In 2018, White college-educated women swung away from Trump, with 59 per cent voting for Democratic candidates in comparison with 49 per cent in 2016.
This seems to have set a trend. Polls suggest that White women without university degrees are moving toward Trump’s rival Democrat Joe Biden. Senior White women and men, who chose Trump in 2016, have shifted as well.
There are several reasons for this change in the electoral landscape as far as White women are concerned. In 2018, 39 per cent of women had a favourable view of Trump’s job performance as compared with 50 per cent of men. Irritated by Trump’s brash, bullying behaviour which has attracted many men, many women have focused on his performance on key issues.
The emergence of the “Me-Too” movement against sexual harassment of women may have made women reconsider Trump, a man who has married three times, cheated on all his wives, and treated women with contempt rather than respect.
Women have not been convinced by Trump’s attempt to promote himself as the “law and order” candidate to frighten Whites into voting for him following Black Lives Matter protests.

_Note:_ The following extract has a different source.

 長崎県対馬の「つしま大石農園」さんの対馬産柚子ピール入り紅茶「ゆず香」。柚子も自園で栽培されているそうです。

David Graham writing in the Atlantic on June 30 quoted Ashley Jardina, a political scientist who studies racial attitudes among Whites, suspects that people who are stuck at home due to the pandemic are “consuming more news and changing their views on race.”

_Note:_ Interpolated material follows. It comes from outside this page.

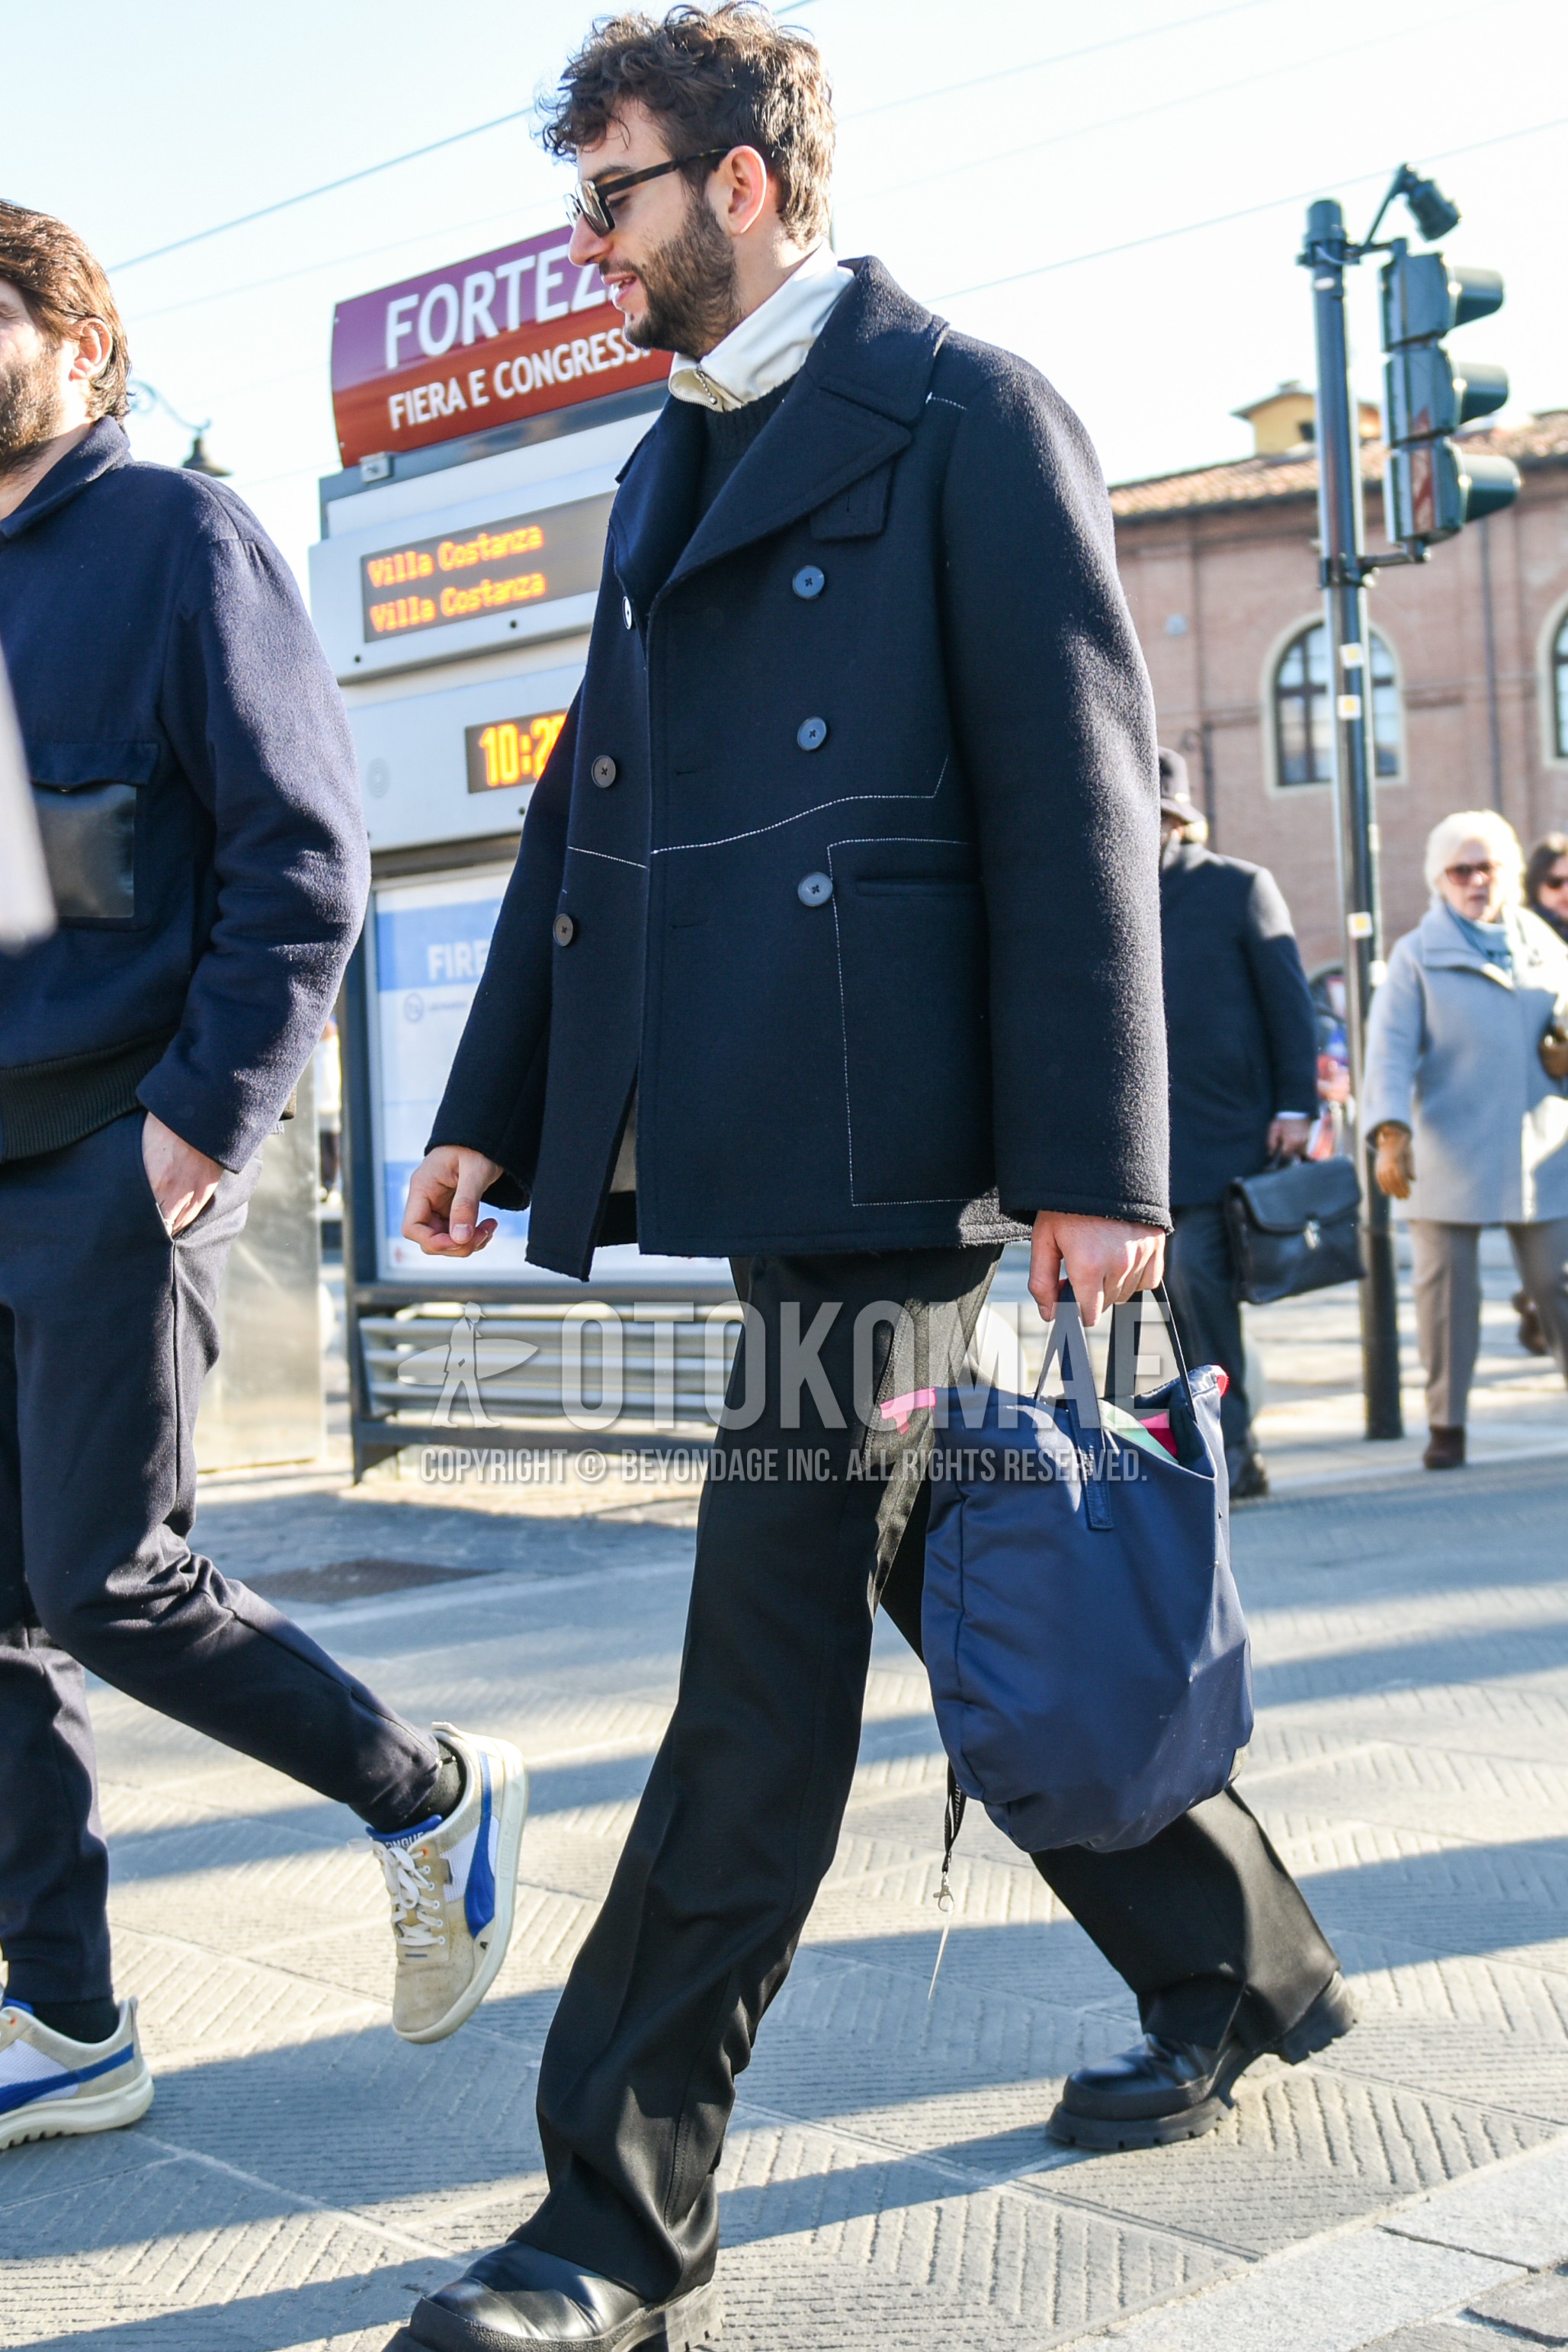 Men's autumn winter outfit with black plain sunglasses, navy plain p coat, dark gray plain sweater, white plain shirt, black plain denim/jeans, black  boots, gray plain briefcase/handbag.

“There has long been a constituency of white Americans who are fairly educated, many of them college educated, disproportionately women, who have been largely unaware of the extent to which people of colour in the US Experience real discrimination,” she said. “The news has their attention.”
The views of hard-core Trump loyalists, especially non-college-educated White men — are unlikely to be changed by the news. This explains why Trump’s approval rating remains in the 30s.
Trump’s assault on Obama-era health care, his failure to contain the Covid-19 pandemic, and prevent economic melt-down have taken a toll on his electability with White women and seniors who voted for him in 2016. Seniors determined his victories in key states like Florida, Michigan, and Wisconsin and enabled him to win in the Electoral College although Hillary Clinton garnered nearly three million more votes than he won.
However, Trump and the Republicans hope for a boost ahead of the Nov.3 election if he promptly fills Ginsburg’s chair on the Supreme Court with a conservative woman who will hew to the agenda of the conservative majority. Such an appointment would appeal to White evangelical Christians and Catholics who may have been swayed, at least temporarily, to cast ballots for moderate Democrat Biden, a Catholic churchgoer who is seen — in contrast with Trump — as a devoted family man, an experienced politician and legislator, and someone to end the turmoil and uncertainty of four long years of Trump in the White House and as a constant irritating presence in the news.